Señor, redímeme de la influencia de mi corazón
en mis decisiones.
Permite que tus palabras dirijan mis pensamientos.
¡Qué mis pensamientos sean tus pensamientos!

Señor, redímeme de mis miedos,

de mis angustias, de mis preocupaciones.
¡Ellas son tan poderosas!
¡Cómo me influyen! ¡Cómo mueven mis decisiones!
Yo quiero ser movido por tu misericordia,
por tu gracia, por la sabiduría de tu Espíritu.

Señor, redímeme de mi sufrimiento y de mi dolor diario.
Señor, tengo miedo a la soledad.
Señor, redímeme de mi miedo a la soledad.

Señor, tengo miedo a la pobreza.
Señor, redímeme de mi miedo a la pobreza.
Señor, temo que tú me abandones.
Señor, redímeme de mis falsos miedos.

Señor, temo a tu disciplina.
Señor, redímeme de mi temor a la disciplina;
pues sólo así podré crecer.
Señor, no puedo confiar en ti.
Señor, redímeme de mi falta de confianza en ti.

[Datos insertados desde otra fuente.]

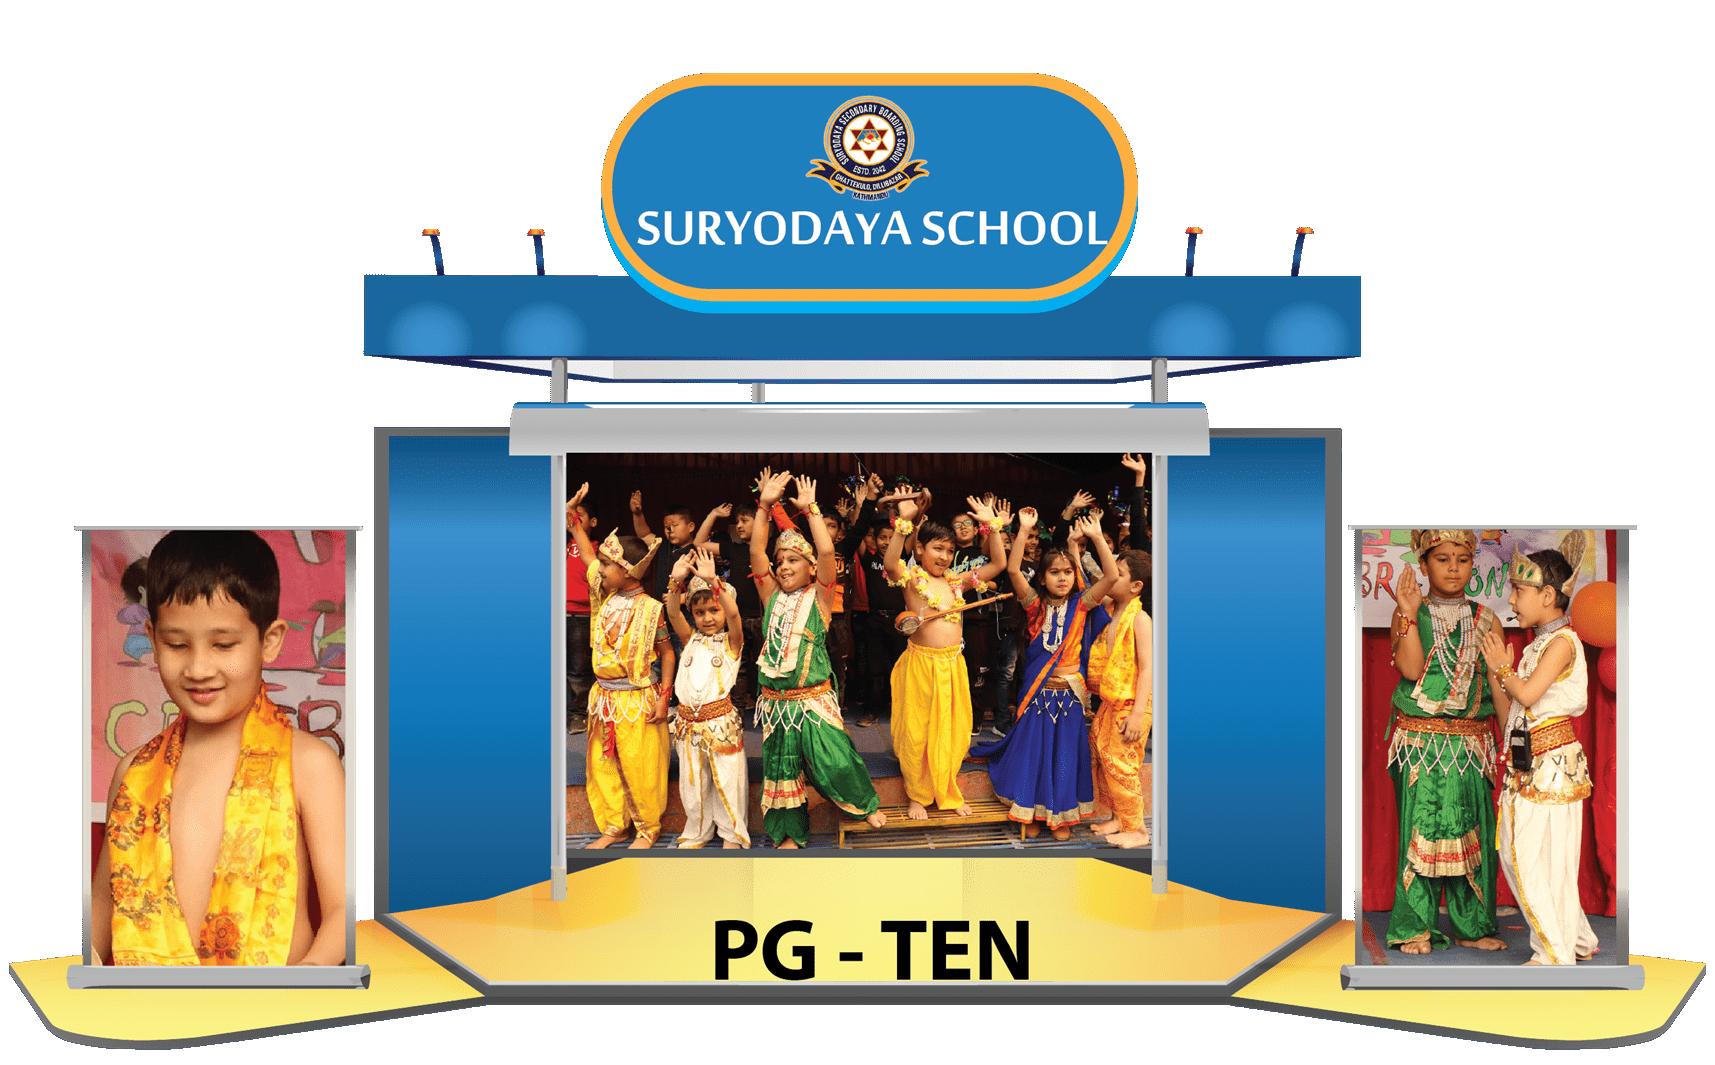 Suryodaya Secondary Boarding School

Señor, llena mi corazón de fe.
De una fe tan fuerte como una roca.
De una fe inconmovible.
¡Cuánto desearía confiar en ti con todo mi corazón!
Pero me siento incapaz.

Señor, dame el don de la fe.
Ayúdame a creer en ti.
¡Yo quiero confiar en ti y no puedo!
¡Cómo hago para creer en ti si tú no me ayudas!
¡Si tú no me das el don de la fe!

Tú estás vivo, Tú me has dado la vida.
Dame también la fe
para vivir la vida que Tú me ha dado.

¡Yo quiero confiar en ti! ¡Vivir en ti!
Aunque no te puedo ver.
Pero sé que tú estás en mí.

Señor, tú eres mi fortaleza. A quién iré fuera de ti.
Quién me podrá ayudar sino sólo Tú.
Quién podrá cambiar mi ser sino sólo Tú
que me has creado.

Me da tanta vergüenza decir que Tú eres mi Dios;
pues cuando vienen las preocupaciones diarias
comienzo a desconfiar de ti.

Tú eres tan grande. Creaste mi vida.
Creaste toda la tierra. Creaste todo el universo.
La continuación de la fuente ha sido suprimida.